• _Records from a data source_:

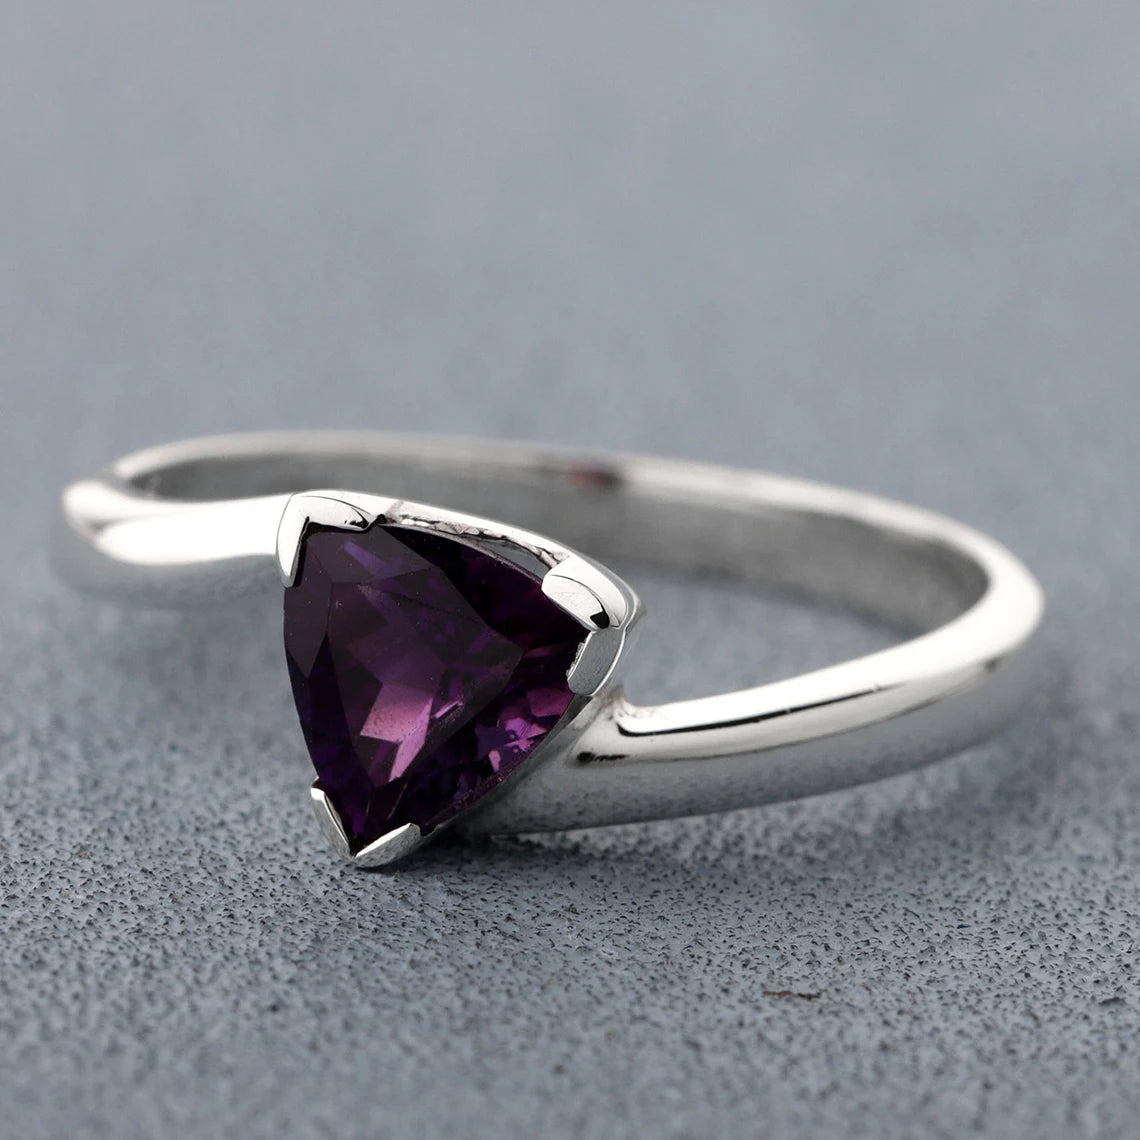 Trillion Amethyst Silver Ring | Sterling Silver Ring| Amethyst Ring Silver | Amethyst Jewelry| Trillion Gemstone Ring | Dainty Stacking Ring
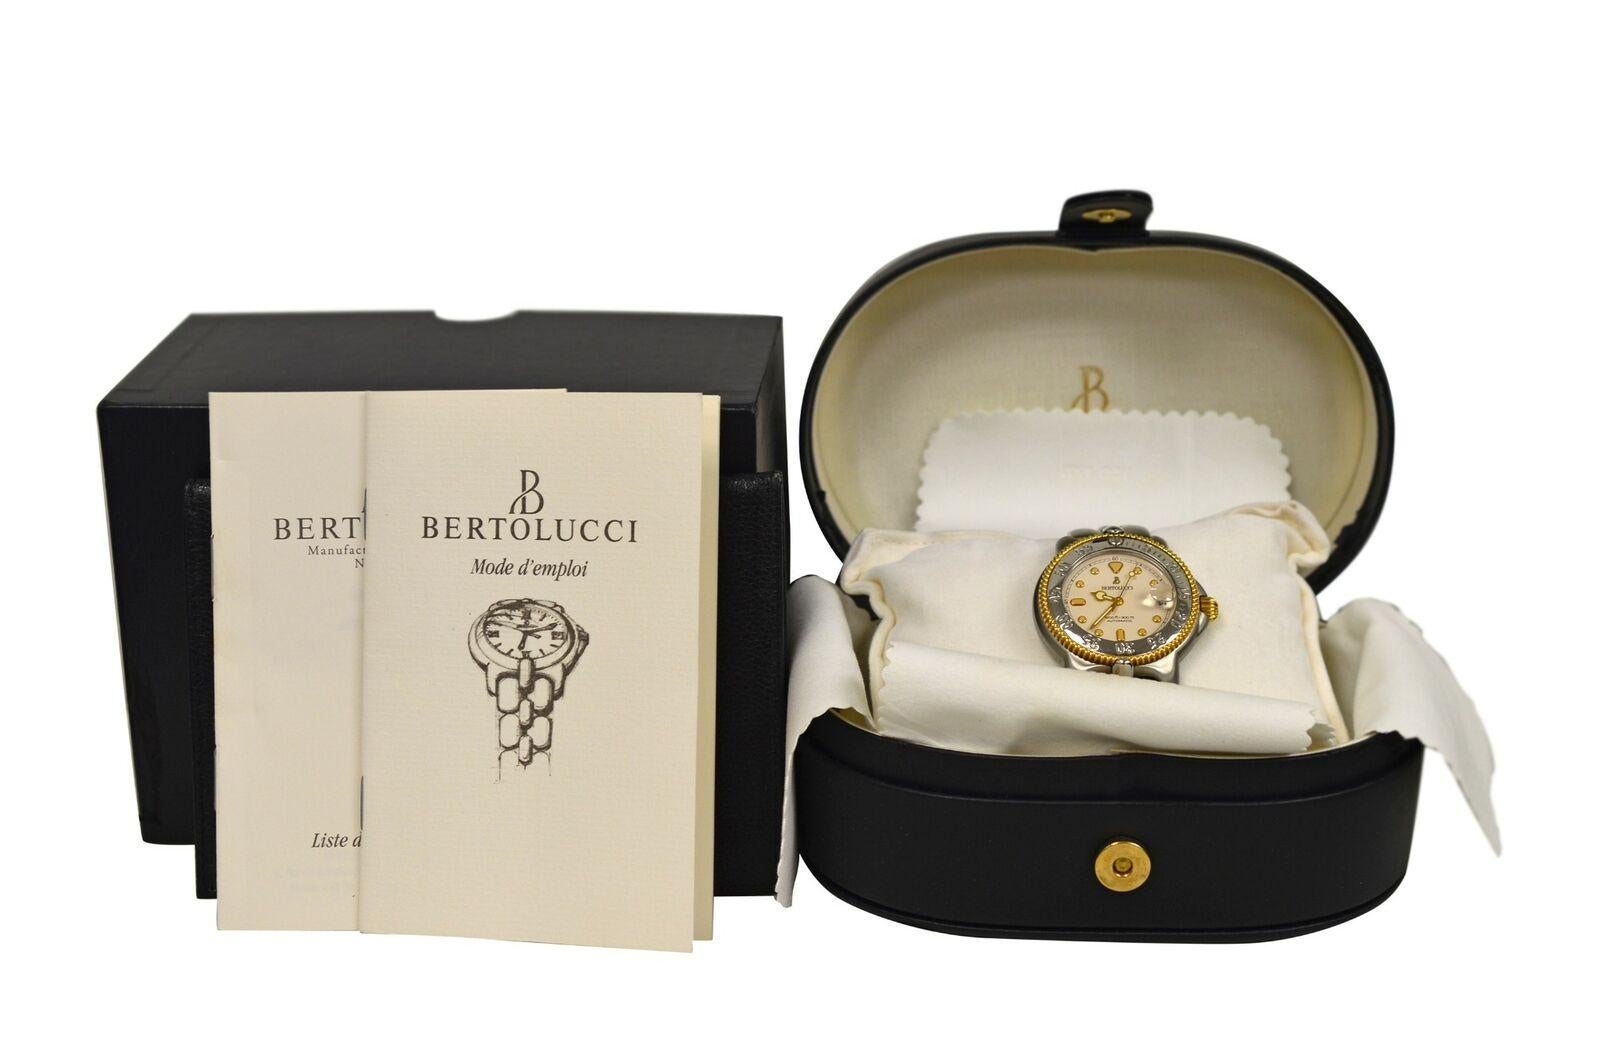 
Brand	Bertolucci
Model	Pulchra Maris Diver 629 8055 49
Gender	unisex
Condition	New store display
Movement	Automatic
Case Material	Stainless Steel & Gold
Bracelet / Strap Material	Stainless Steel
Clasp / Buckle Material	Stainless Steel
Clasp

• _WORK ORDER_:
Answer only with the count of lines in the records that include the string "Material".

• _RESULT_:
3